Дальнейшее происходило на бешеных скоростях. Я ждал и был готов к этому, зная нравы и традиции Грузии.
— Вах! Дорогой! — Вано тут же обнял меня. — Это наш с Георгием двоюродный брат — Малхаз!
Меня уже обнимал Малхаз.
— Баадур, ты чего встал⁈ — Вано «растолках» слугу, который засмотрелся на наши обнимашки. — Быстро всех зови. Столы накрывайте. Лошадей прими… Проходи, дорогой гость. Как тебя зовут, родной?
— Коста. В Черкесии — Зелим-беем.
Далее всё повторилось, практически, один в один как в Стамбуле. Узнали, что я грек. Восхитились моим знанием грузинского. Слова про Черкесию проигнорировали.
Уже набежали слуги.
— А это кто? — Вано указал на Спенсера.
Опять удивление по поводу пионера-англичанина в этих местах. Еле вставил слово.
— Осторожнее с ним, — предупредил слуг. — Вано. Мне дико неудобно. Я извиняюсь. Мой друг очень болен. Его нужно хорошенько помыть и уложить в постель…
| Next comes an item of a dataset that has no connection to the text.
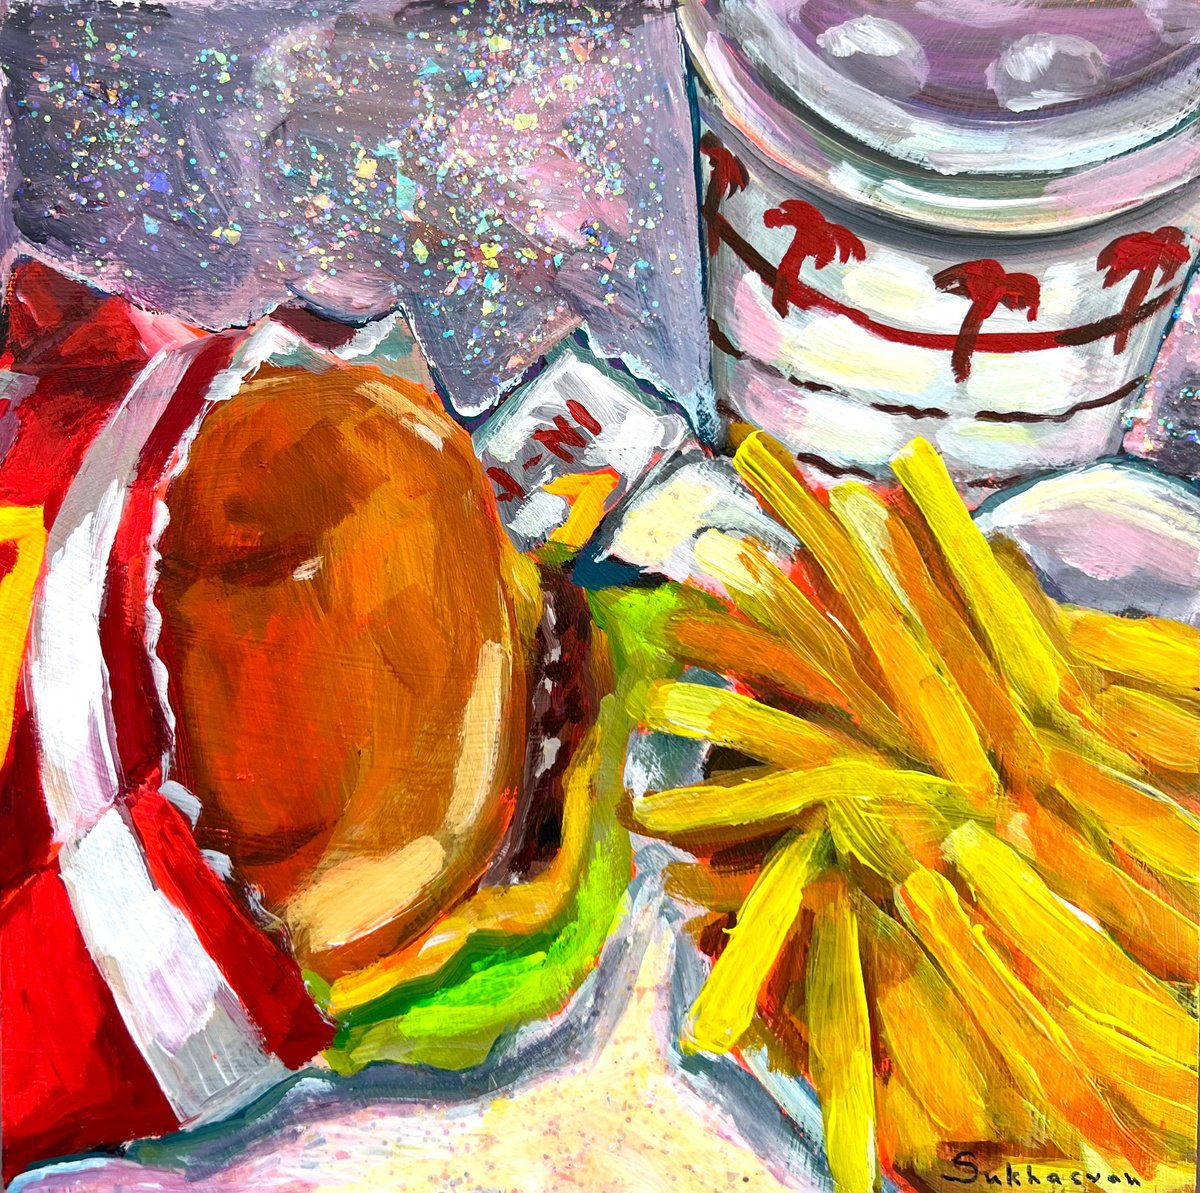 Still Life with In-N-Out Burger and Fries by Victoria Sukhasyan

— Коста! Коста! О чём ты, брат⁈ Что значит — неудобно? Не обижай нас! За последний год ты и твой друг — самые дорогие гости в нашем доме! Помоем, накормим, спать уложим! Друга вылечим! Ни о чем не думай! Баадур! Бочку наполните теплой водой! Давайте, давайте! И сестру позовите!
Когда сдавали на руки слугам несчастного Спенсера, я успел заметить, как мелькнуло, как взмах крыла, что-то белое у входа в дом. Догадался, что это была та самая сестра. Лица не смог разглядеть, всю фигуру с головы до ног закрывало большое покрывало.
— Скажи, Вано, у вас женщины всегда укутываются так, что лица не видать? В Кутаиси видел, что в армянских семьях так уже не принято. По крайней мере, дома…
— Э, нам армяне — не указ! Живем так, как предками заведено. Не положено женщине — что молодой, что старой — лица чужому мужчине открывать. Зато, знаешь, как красиво в Тифлисе утром в четверг. Все женщины города спозаранку идут в часовню к могиле святого Давида на горе. Все — в белых покрывалах, в чадри. Смотришь — сердце замирает, какая красота! Будто стая лебедей решила на склон приземлиться!
— Ва! Красиво сказал! — восхитился я. — Наверное, скучаешь по Тифлису?
— Скучаю, брат, скучаю, — вздохнул хозяин дома.
…Спенсер вышел из полуобморочного состояния только после того, как я начал поливать теплой водой его голову. Он долго приходил в себя. Очень удивился, обнаружив, что сидит в бочке, наполненной водой.
— Я в аду, Коста? В адском котле?
Я усмехнулся. Вполне возможно, что он сейчас пребывал ровно в том же состоянии, что и я в тот момент, когда разлепил глаза в Стамбуле, в первый день попаданства, полагая, что нахожусь в пресловутом тоннеле, ведущем на тот свет.
— По-твоему выходит, что я чёрт⁈ — «возмутился» я.
— Ты сделал это! Тебе удалось! В очередной раз! — Спенсер покачал головой. — Опять спас меня!
— Не говори глупостей. Мы спаслись. Мы выжили.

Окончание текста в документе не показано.